EXTRACTED MATERIAL
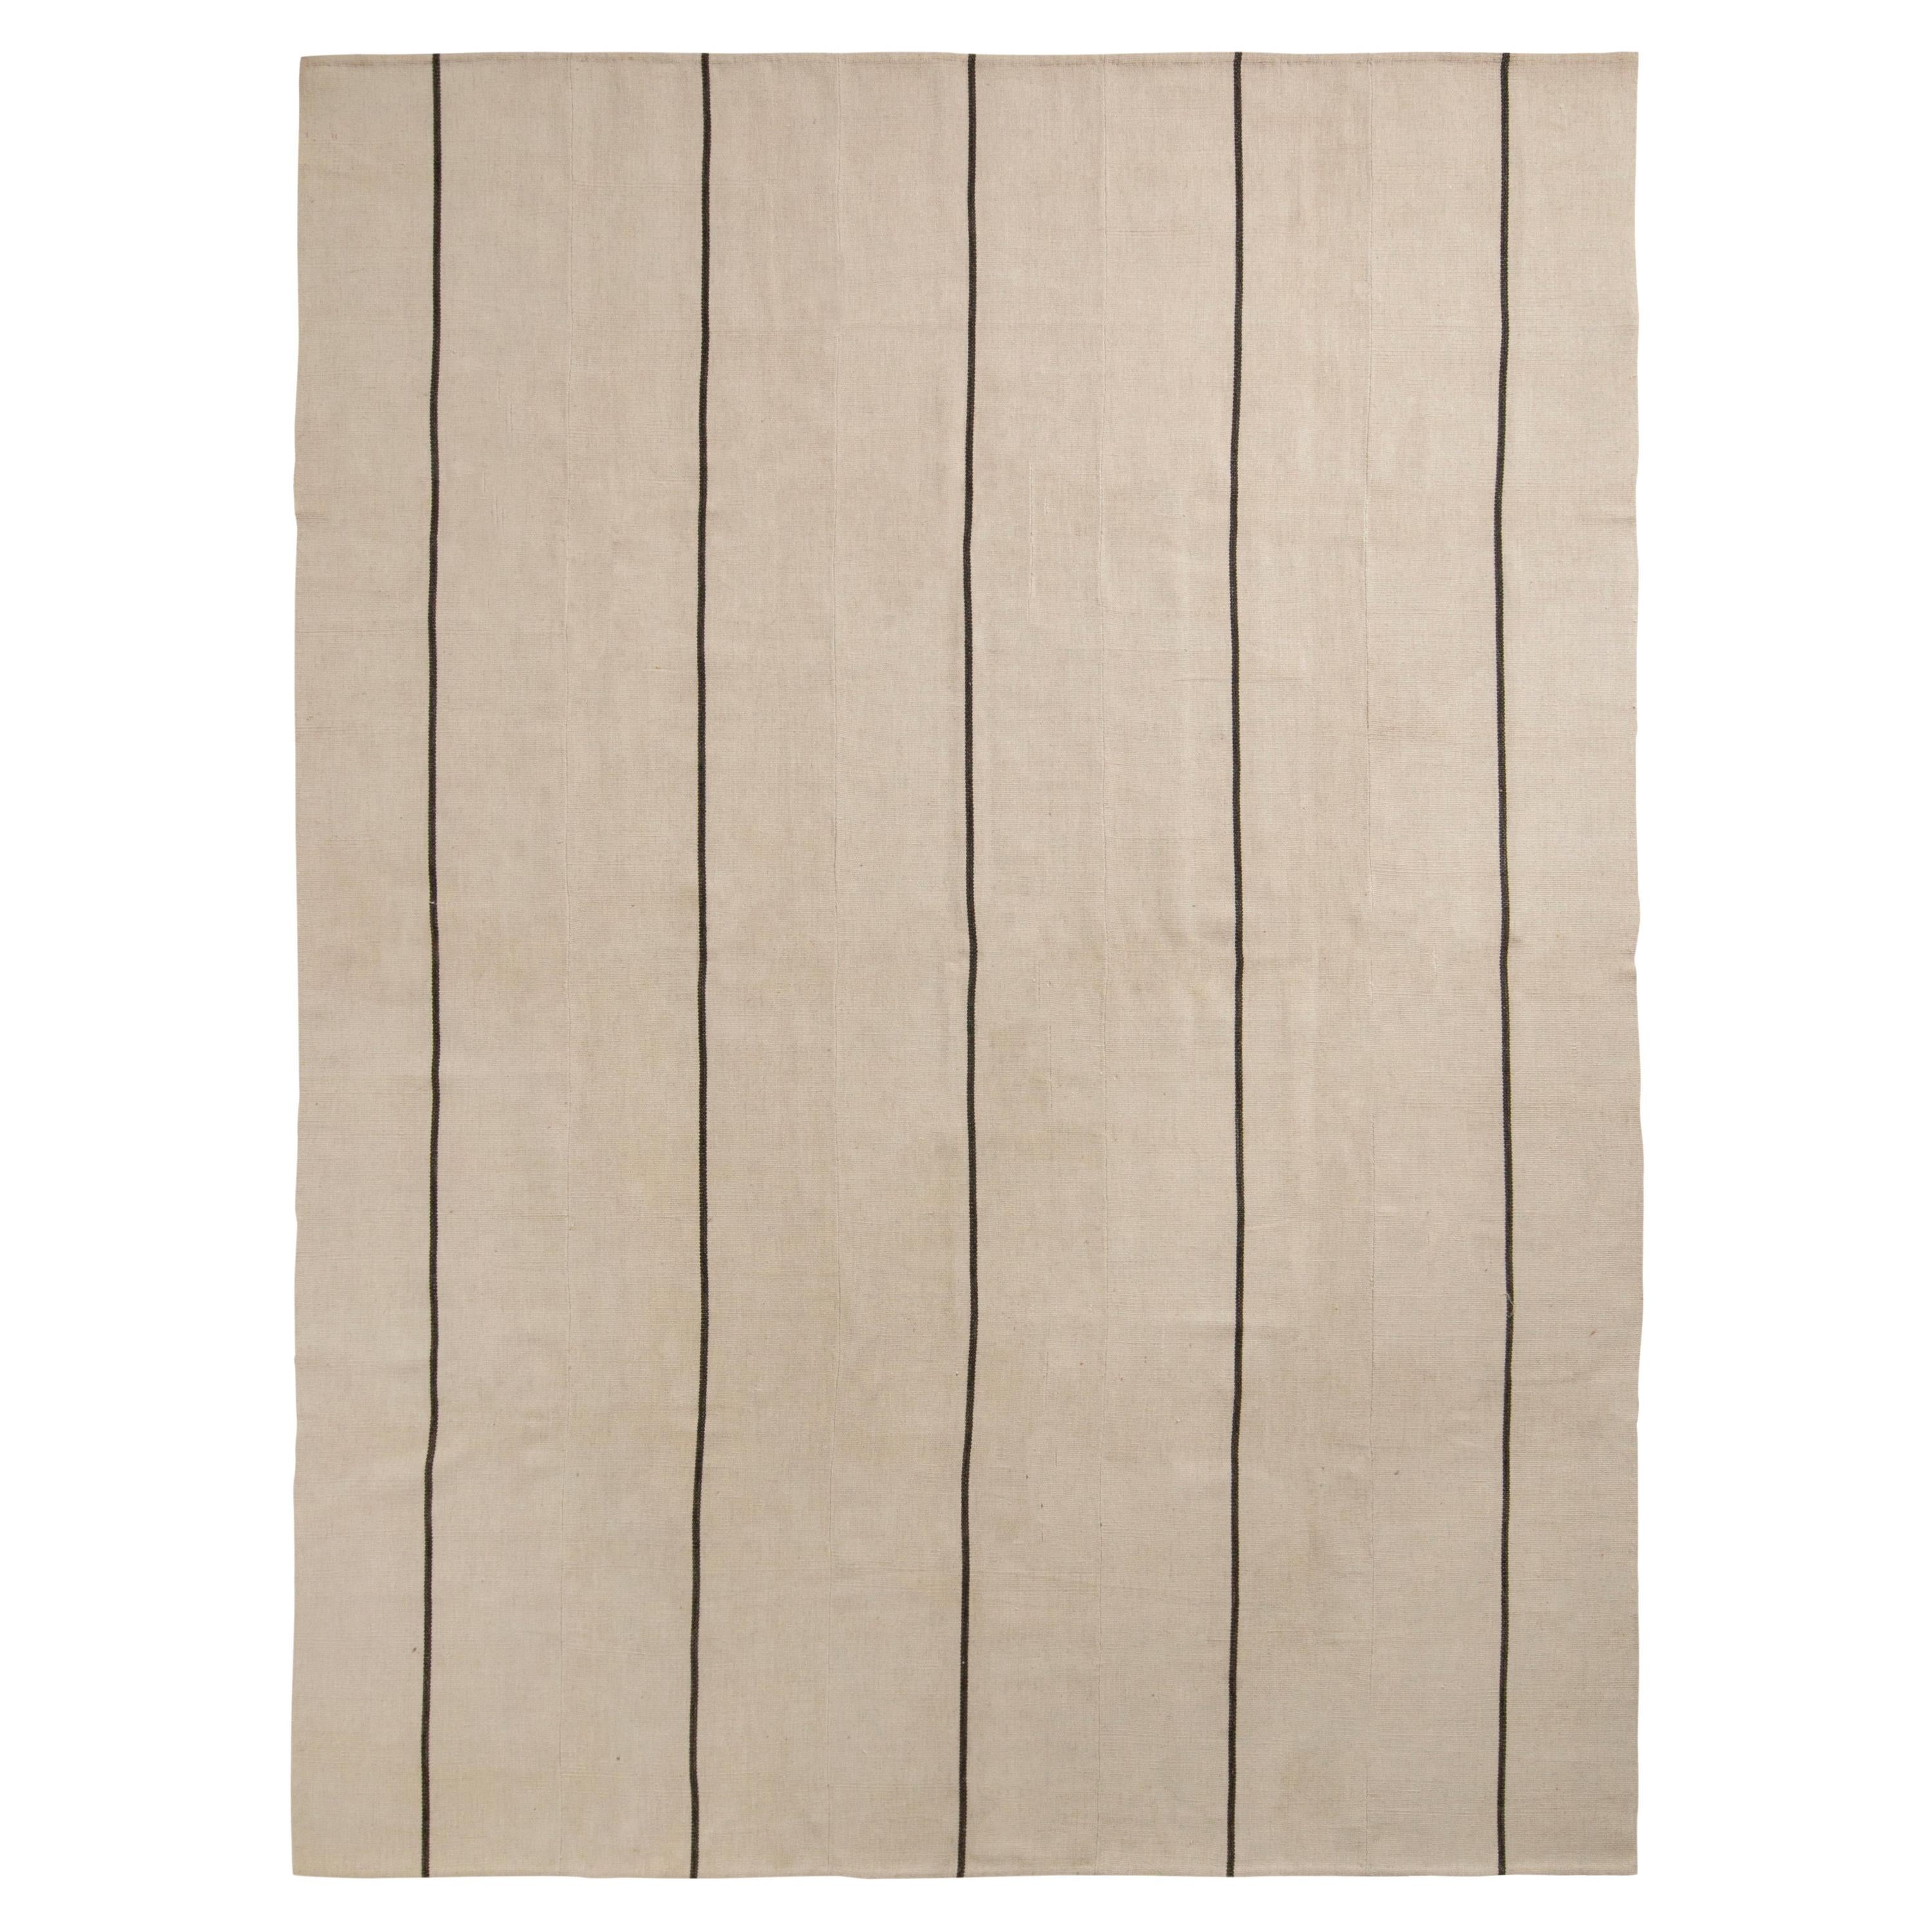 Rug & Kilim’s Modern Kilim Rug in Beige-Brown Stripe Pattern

--

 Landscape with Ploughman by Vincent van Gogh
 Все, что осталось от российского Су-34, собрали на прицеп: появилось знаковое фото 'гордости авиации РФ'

---

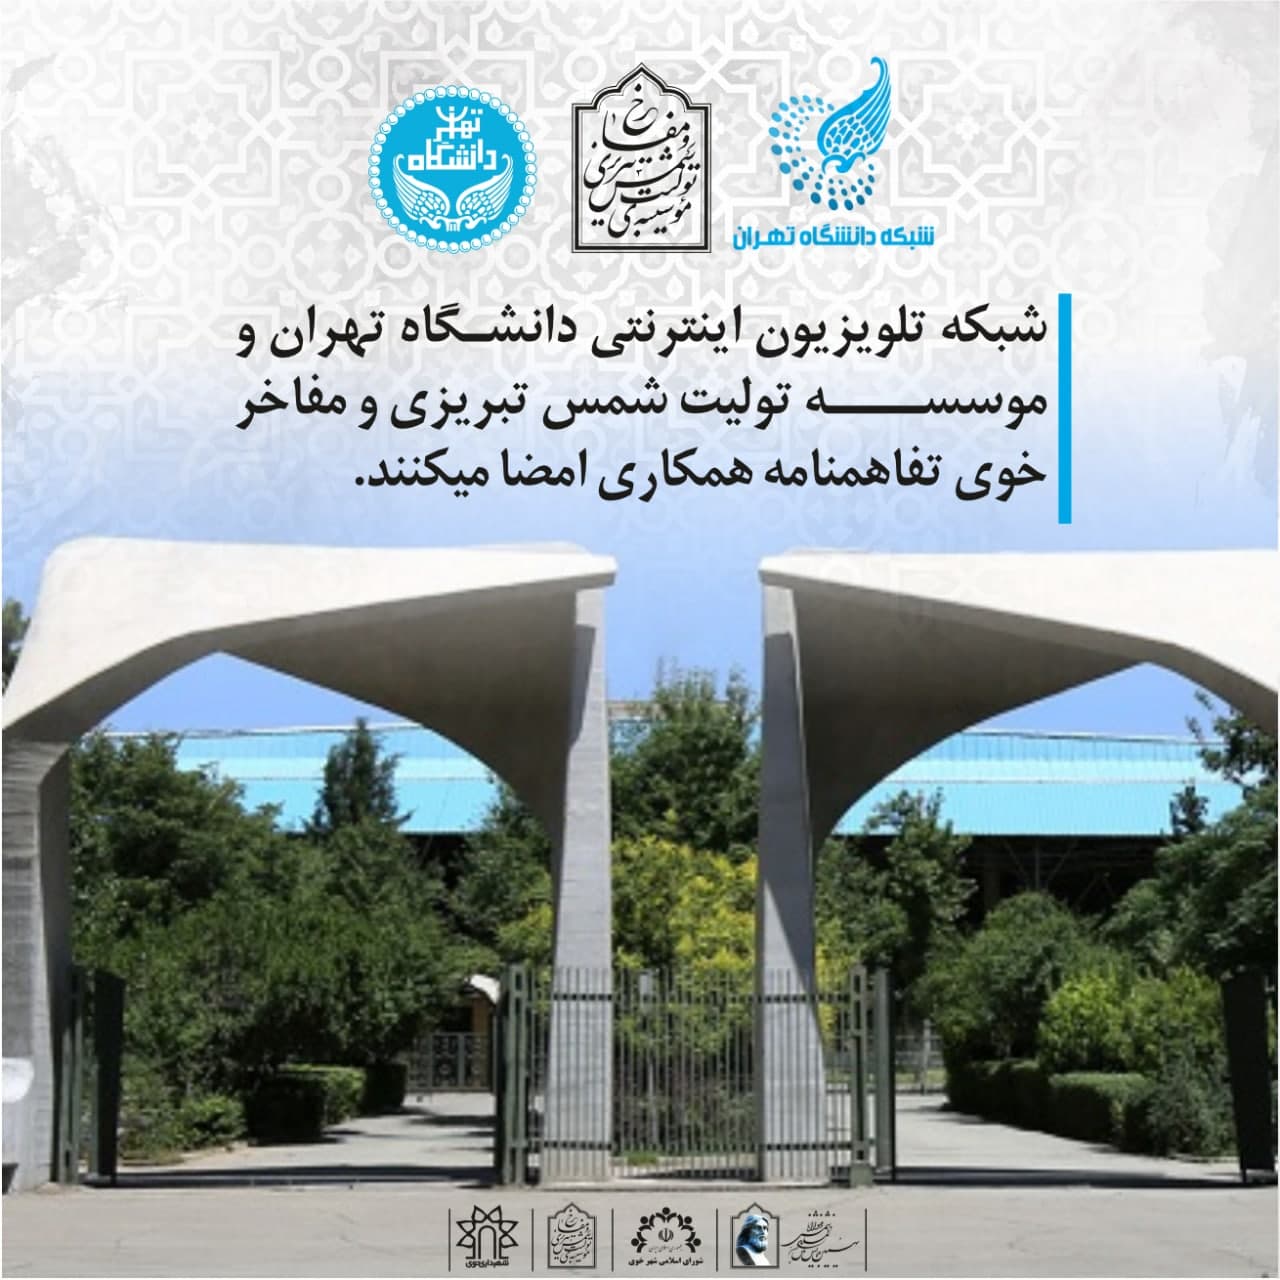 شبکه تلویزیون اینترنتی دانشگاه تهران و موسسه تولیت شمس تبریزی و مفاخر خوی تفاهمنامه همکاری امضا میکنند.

WHAT YOU SHOULD DO
Please give an exact copy of the entries above, from the line with "Landscape with Ploughman by Vincent van Gogh" down to the line with "Все, что осталось", inclusive, and nothing else.

SOLUTION FOR THIS EXERCISE
 Landscape with Ploughman by Vincent van Gogh
 Все, что осталось от российского Су-34, собрали на прицеп: появилось знаковое фото 'гордости авиации РФ'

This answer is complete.